Usually occurring in children aged five to seven years old, Diffuse Intrinsic Pontine Glioma (DIPG) is an aggressive type of brain tumour that affects 20 children in Australia each year.
The fast-growing tumour forms in the part of a child’s brain responsible for vital functions like breathing, swallowing and movement, meaning it is unable to be surgically removed.
Children diagnosed with DIPG are unlikely to survive a year beyond diagnosis and there is currently no treatment for this devastating condition.
WEHI researchers have found promise in treating DIPG with an innovative new immunotherapy treatment, called CAR T therapy.
Published in Neuro-Oncology Advances, the research showed CAR T therapy was effective at targeting DIPG tumours.
CAR T cell therapy involves isolating a patient’s immune cells, engineering them to become “super killer cells” and then re-infusing them into the patient to fight their cancer.
The research, led by Associate Professor Misty Jenkins, Laboratory Head at WEHI and The Brain Cancer Centre, showed in preclinical models these specifically-engineered CAR T cells were able to enter the brain and have an anti-cancer effect by reducing the tumour burden.
“Unlike radiation, which is a blunt instrument that kills cancerous as well as healthy brain tissue, CAR T cell therapy uses a patient’s own immune cells and engineers them to recognise and kill the tumour,” she said.
“CAR T cells offer a possibility of cure, with no long-term side-effects."
“These genetically-modified white blood cells act as a ‘living drug’, which means the patient will retain a living memory in their body of the anti-tumour response that may also work to kill the tumour again if it ever returns."
“The way these cells can completely eliminate the tumours and persist in the body into the future is what is so exciting about CAR T cell therapy, and why immunotherapy is the future of precision medicine.”
The study found DIPG brain tumours can be targeted using CAR T cells that recognise a cancer-specific protein called HER2.
Once in the brain, the CAR T cells recognised this protein and signalled the T cells to kill the tumour cells.
Associate Professor Jenkins said the use of CAR T cell therapy had effectively eliminated the DIPG tumours in the study’s preclinical models.
“This paper shows that an approach to HER2 does work, and we hope to see this treatment incorporated into current and future clinical trials available to children in Australia,” she said.
“While there are no long-term studies yet, this research builds on other work that has shown this treatment to be effective in reducing DIPG tumours and improving the quality of life for these patients, who currently have no treatment options."
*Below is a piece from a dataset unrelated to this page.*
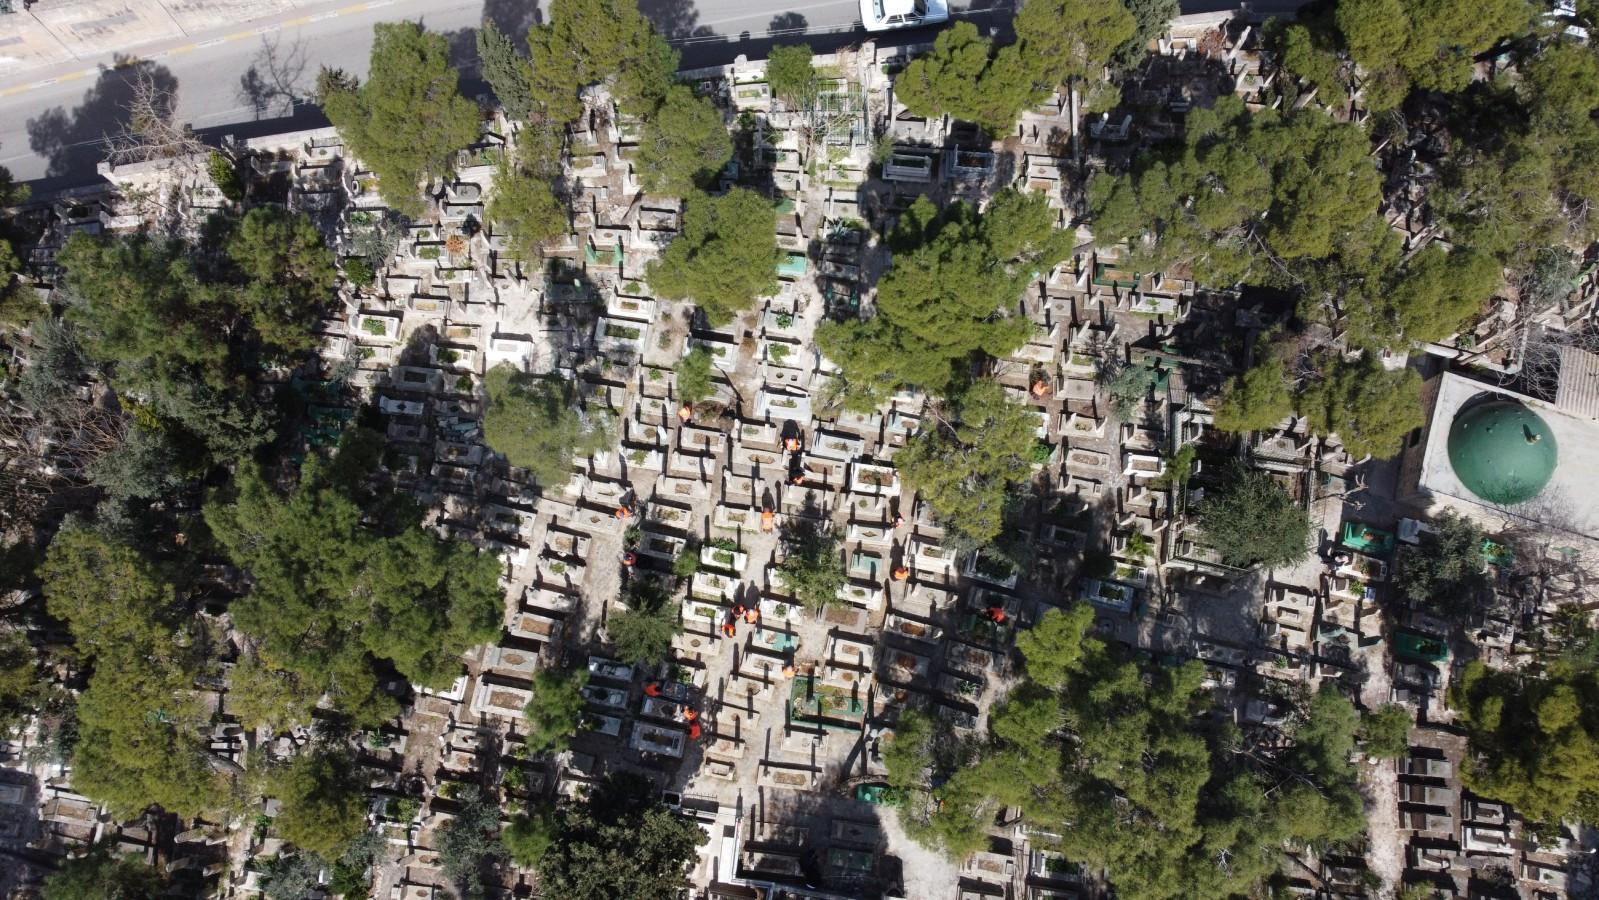 Mezarlıklarda Ramazan Öncesi Temizlik Ve Bakım Çalışmaları Gerçekleştirildi

“Our hope is that this treatment will be included in future clinical trials and will eventually be used in combination with other drugs to treat DIPG.”
The research was a promising step forward in treating DIPG, Associate Professor Jenkins said.
“This lays the groundwork for us to interrogate thousands of potential therapies for anti-cancer immune cells to fight DIPG,” she said.
“Other studies have demonstrated this treatment approach is safe in children, so we are hopeful it won’t be long before it is clinically available.”
The study is published in Neuro-Oncology Advances.